Deploying the archive

Use the x option to unpack the archive file and retrieve the original file or directory.

Format

x represents x of extract (extract, extract).

.sh


tar xf <Archive file>

↓ Expand the archive

To see if the original files can be restored from the archive, delete the dir1 directory and then unpack the archive.

$ ls
dir1  dir1.tar

$ rm -rf dir1 ← Delete original directory
$ tar xf dir1.tar ← expand archive
$ls dir1 ← Confirmation
file-1.txt  file-2.txt  file-3.txt  file-4.txt

Compress the file

gxip command

gzip is a command for compressing and decompressing files.
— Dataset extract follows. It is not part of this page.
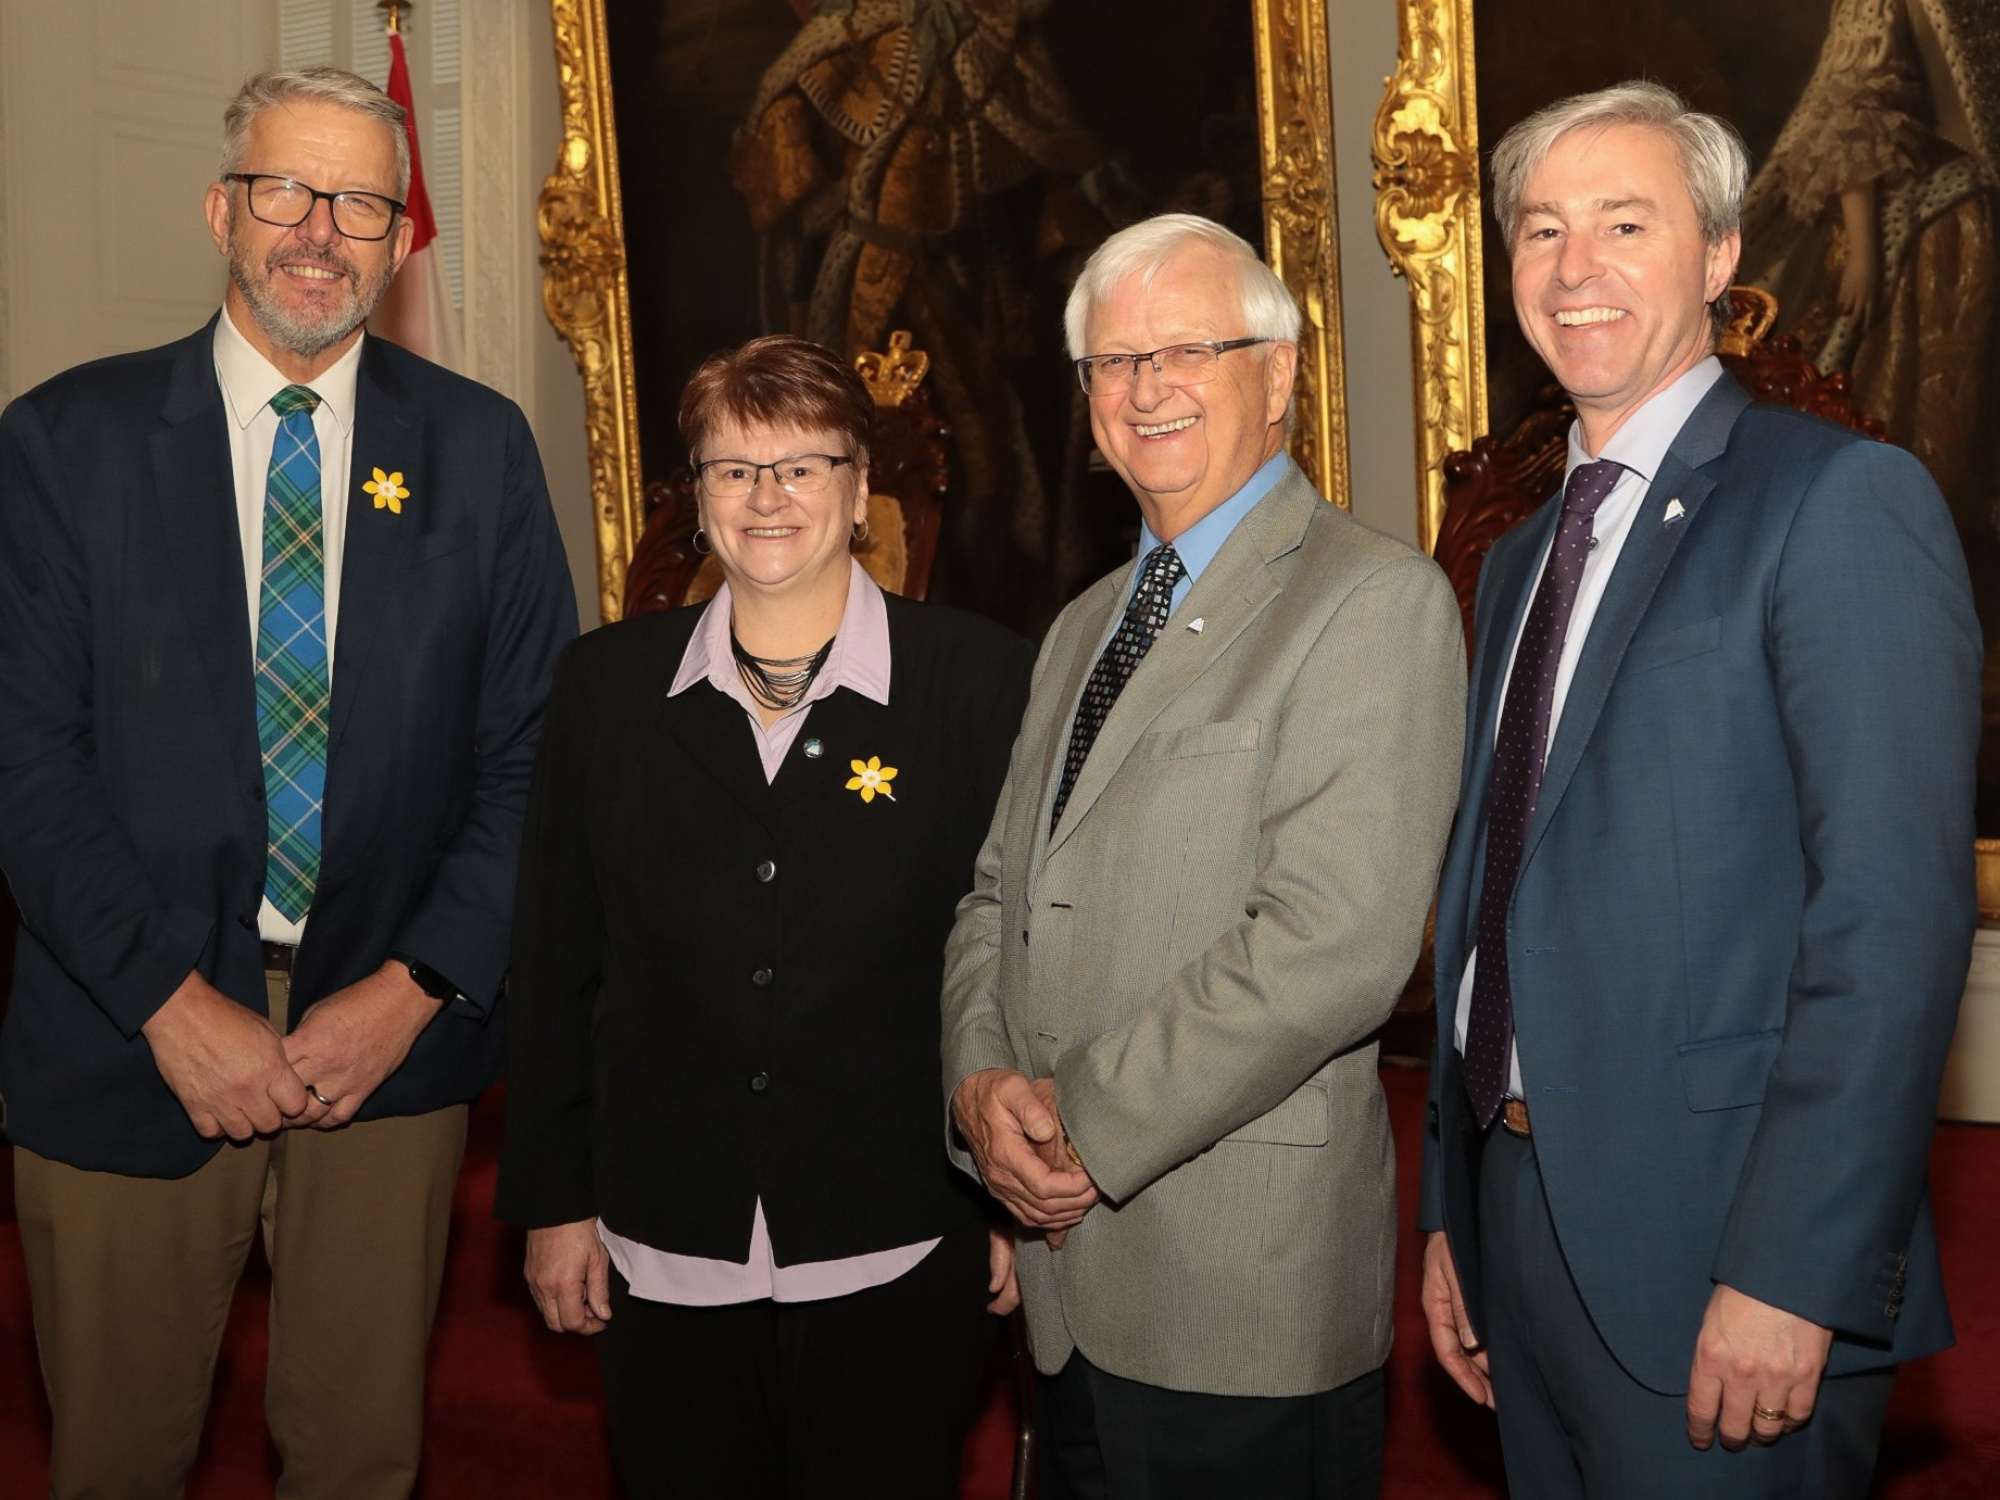 Photo of Municipal Affairs and Housing Minister John Lohr; Carolyn Boliver Getson, President of the Nova Scotia Federation of Municipalities (NSFM) and Mayor of the Municipality of the District of Lunenburg; Murray Scott, co-chair of the Service Exchange Renegotiation and Municipal Government Act Review Committee and Mayor of the Municipality of Cumberland; and Premier Tim Houston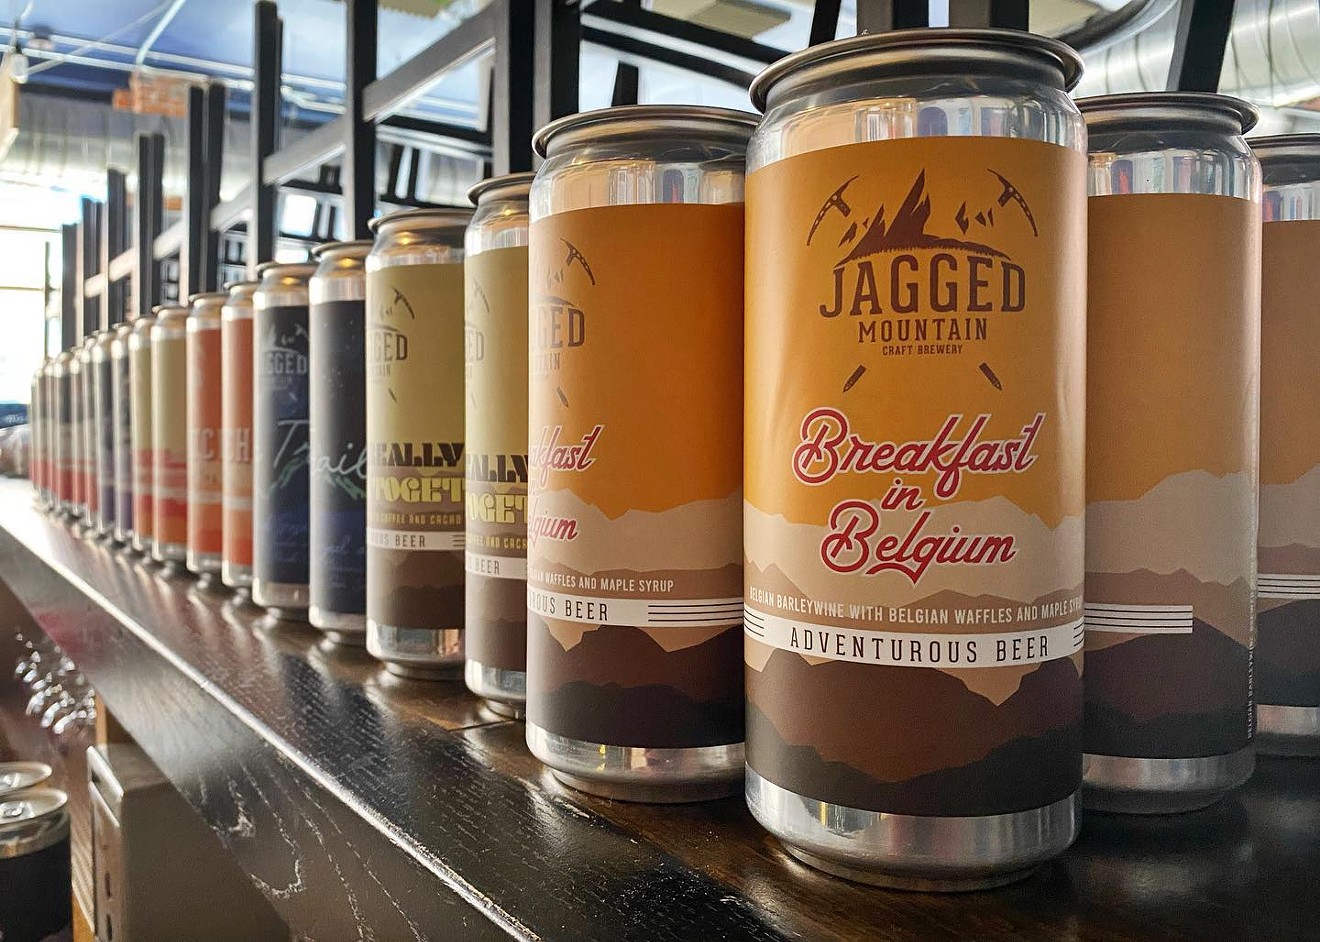 Jagged Mountain Craft Brewery is one of dozens in Denver.

By convention, files compressed with gzip have the extension .gz.

Format

.sh


$ gzip <Compression source file>

The following is for testing purposes, and the result of displaying the process list with the ps command is output redirected to a file called ps.txt. The file size of ps.txt is about 9.6 kilobytes.

$ ps aux > ps.txt
$ ls -lh
-rw-rw-r--. 1 vagrant vagrant  9.6K May  7 19:07 ps.txt

Try compressing with the gzip command

$ gzip ps.txt
$ ls -lh
-rw-rw-r--. 1 vagrant vagrant 2.3K May  7 19:07 ps.txt.gz

As you can see, it was compressed to about 2.3 kilobytes. Also, a new (compressed) file called ps.txt.gz remains, and the original file ps.txt is ** deleted **.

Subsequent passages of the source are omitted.